Stephen, Count of Blois, to whom William the Conqueror gave his daughter Adela in marriage, had several sons. Two of these, Henry and Stephen, had been invited to England by the late king, who had bestowed great favour and preferment upon them. Beauclerc, cruel towards his enemies, was a firm and generous friend to those who happened to obtain his good-will. Young Henry, who had been educated for the Church, was made Abbot of Glastonbury, and subsequently appointed to the see of Winchester. Stephen received the hand of Maud, daughter and heiress of Eustace, the Count of Boulogne. The connection was in the highest degree advantageous to Stephen. Immense estates in England, as well as the earldom of Boulogne, came to him in right of his wife, who, moreover, possessed a hold upon the sympathies of the English in consequence of her Saxon descent. Mary, his wife's mother, was the sister of David, King of Scotland, and of Matilda the Good, first wife of Henry I., and mother of the empress.

At the time of the dispute with Robert of Gloucester on the subject of precedence, Stephen professed that his gratitude to the king impelled him to be the first to offer allegiance to Matilda; but his whole course of action at this period shows that his designs upon the English crown were fully matured. He exerted himself to attain popularity among the people, as well as among the barons. His daring and gallantry secured him the admiration of the Normans, while his affable and familiar manners, joined to a generosity without stint, obtained the affections of the people.

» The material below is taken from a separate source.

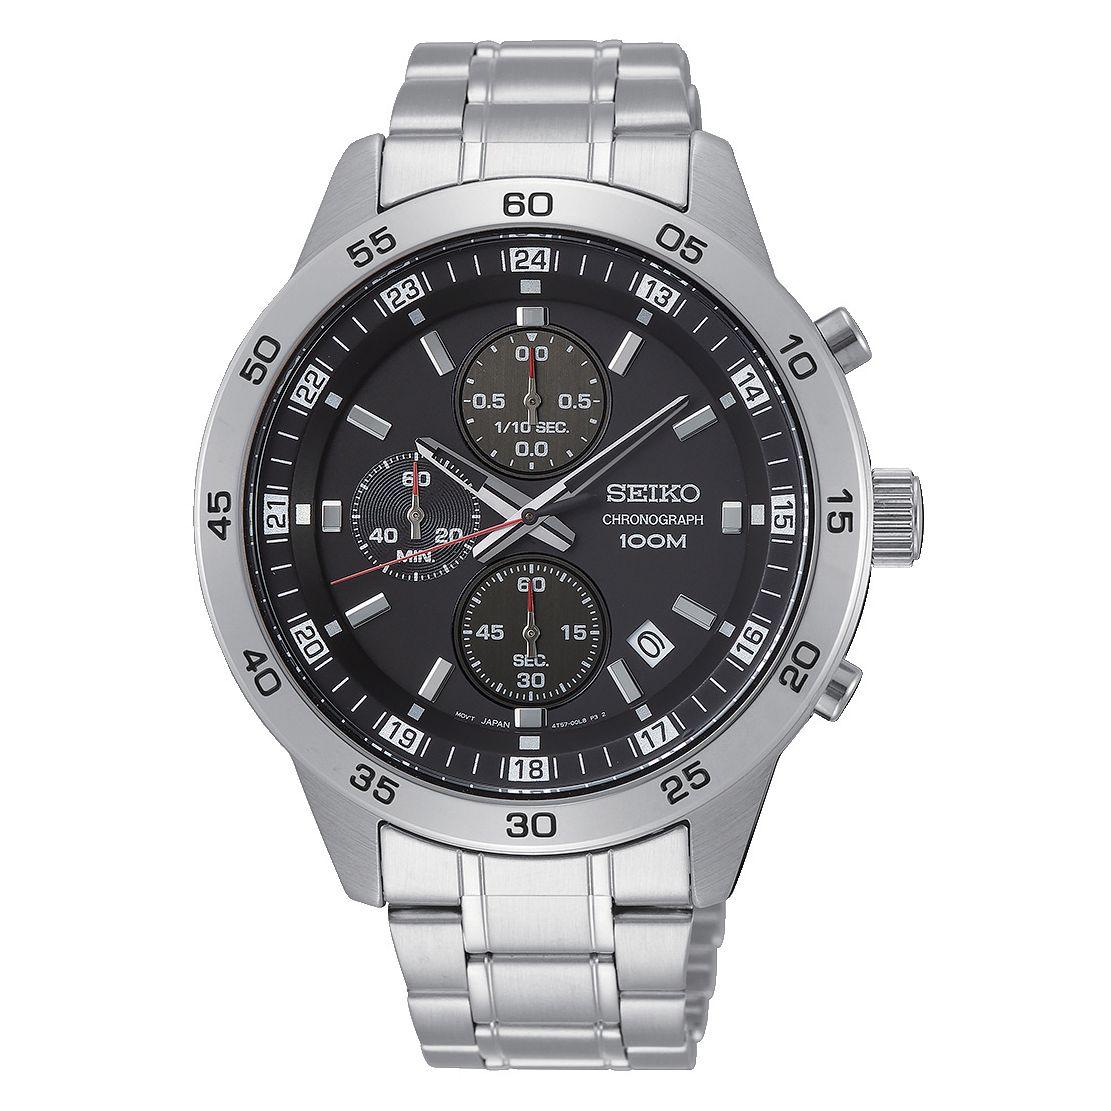 Seiko Chronograph Men's Stainless Steel Bracelet Watch £74.99 @ H Samuel

On the death of Henry, Stephen landed in England before the news could reach Matilda; and though the gates of Dover and Canterbury were shut against him, he passed on without hesitation to London, where a majority of the people saluted him king with acclamations. By the assistance of his brother, the Bishop of Winchester, Stephen obtained possession of the royal treasure in that city, amounting to 100,000 in money, besides considerable stores of plate and jewels. The next step was to secure the goodwill and co-operation of the clergy; and in this respect his brother, the bishop, again tendered his aid. Roger, Bishop of Sarum, chief functionary of the kingdom, was secured by bribes and promises, and these two ecclesiastics endeavoured to prevail upon William, Archbishop of Canterbury, to administer the royal unction to the usurper. The primate, who was a conscientious man, refused consent, and a dishonourable expedient was then resorted to, to overcome his opposition. Hugh Bigod, steward of the royal household, presented himself before the archbishop, and swore that King Henry, on his death-bed, had disinherited his daughter Matilda, who had offended him, and that he had appointed his nephew, Stephen, to succeed him as the inheritor of his kingdom.

These oaths, which were common in the Middle Ages, and which were so little real security when opposed to personal interests, were, nevertheless, regarded nominally as of considerable weight; and a pretext was, therefore, necessary for absolving the clergy and the barons from their vows of allegiance to Matilda. This was supplied by Roger of Sarum, who declared that those vows were null and void, because the empress had been married out of the country without the consent of the lords, who had expressly stipulated that their opinion should be consulted in the disposal of the hand of their future queen.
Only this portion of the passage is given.